ETCDCTL_API=3 etcdctl get / --prefix --keys-only

Kubernetes 1.5.8 --> 1.6.x

兼容性说明

https://github.com/kubernetes/kubernetes/blob/master/CHANGELOG-1.6.md#node-components

opskumu commented 6 years ago

2018-09-03~07

Nginx ingress metrics

当前 Nginx ingress metrics 有相应的 Grafana 官方模板：

https://github.com/kubernetes/ingress-nginx/tree/master/deploy/grafana/dashboards

0.16.0 版本后采用新的 metric 收集，而不是原来的 VTS 模块， New prometheus metric implementation (VTS module was removed)

Golang: JSON Marshalling empty slices as empty arrays instead of null

https://apoorvam.github.io/golang/json/marshal/slice/empty/null/2017/01/19/golang-json-marshalling.html

https://github.com/golang/go/issues/2278

ulimit soft & hard

针对 ulimit 限制，有一个 soft 和 hard 限制，相关的限制不管是文件句柄数或者是进程数，是不能高于 soft 值的，普通用户可以修改 soft 值上限，但是不能超过 hard 值。
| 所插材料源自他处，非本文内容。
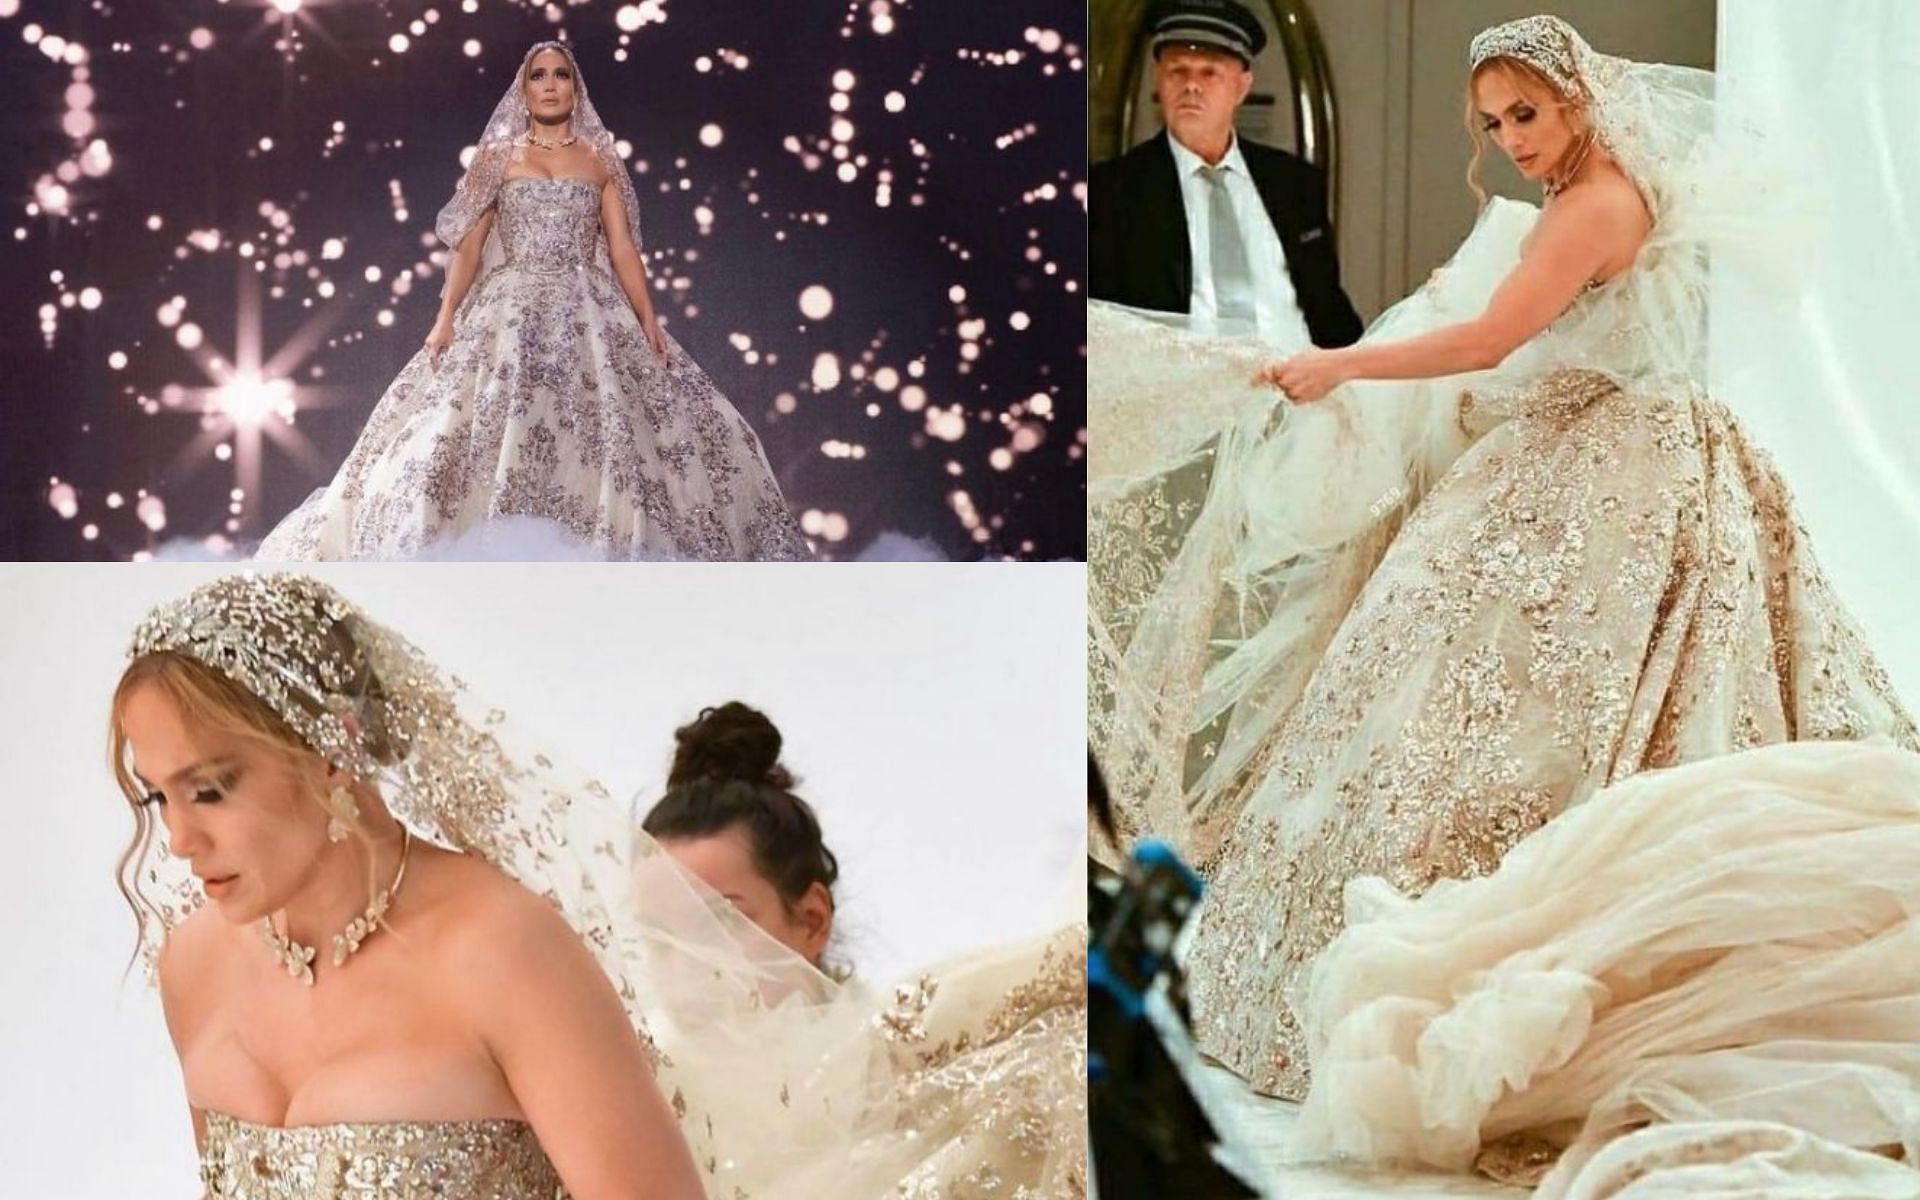 Jennifer Lopez in her Marry Me wedding dress (Image via Instagram/Marrymemovie and stylishtutorial)

opskumu commented 6 years ago

2018-09-10~14

➜  ~ cat ~/.ansible.cfg
[defaults]
gathering = smart
fact_caching = jsonfile
fact_caching_connection = /tmp
fact_caching_timeout = 86400

https://docs.ansible.com/ansible/latest/user_guide/playbooks_variables.html#fact-caching

Why is my SSH login slow?

opskumu commented 6 years ago

2018-09-17~21

istio https://istio.io/docs/setup/kubernetes/quick-start/
Error: etcdserver: mvcc: database space exceeded 问题解决

上周升级 K8s 的时候，etcd 出现数据库空间超额的问题：

# get current revision
$ rev=$(ETCDCTL_API=3 etcdctl --endpoints=:2379 endpoint status --write-out="json" | egrep -o '"revision":[0-9]*' | egrep -o '[0-9].*')
# compact away all old revisions
$ ETCDCTL_API=3 etcdctl compact $rev
compacted revision 1516
# defragment away excessive space
$ ETCDCTL_API=3 etcdctl defrag
Finished defragmenting etcd member[127.0.0.1:2379]
# disarm alarm
$ ETCDCTL_API=3 etcdctl alarm disarm
memberID:13803658152347727308 alarm:NOSPACE

https://github.com/etcd-io/etcd/blob/master/Documentation/op-guide/maintenance.md#space-quota

Kube-proxy with ipvs https://github.com/kubernetes/kubernetes/tree/master/pkg/proxy/ipvs#ipvs

opskumu commented 6 years ago

2018-09-25~30

他很懒，什么都没有留下 🥇

opskumu commented 6 years ago

2018-10-08~12

发现 Evicted 状态的 pod 不会自动删除，kube-controller-manager 可以通过 --terminated-pod-gc-threshold 选项设置全局 GC 阈值，默认为 12500 才会触发 GC。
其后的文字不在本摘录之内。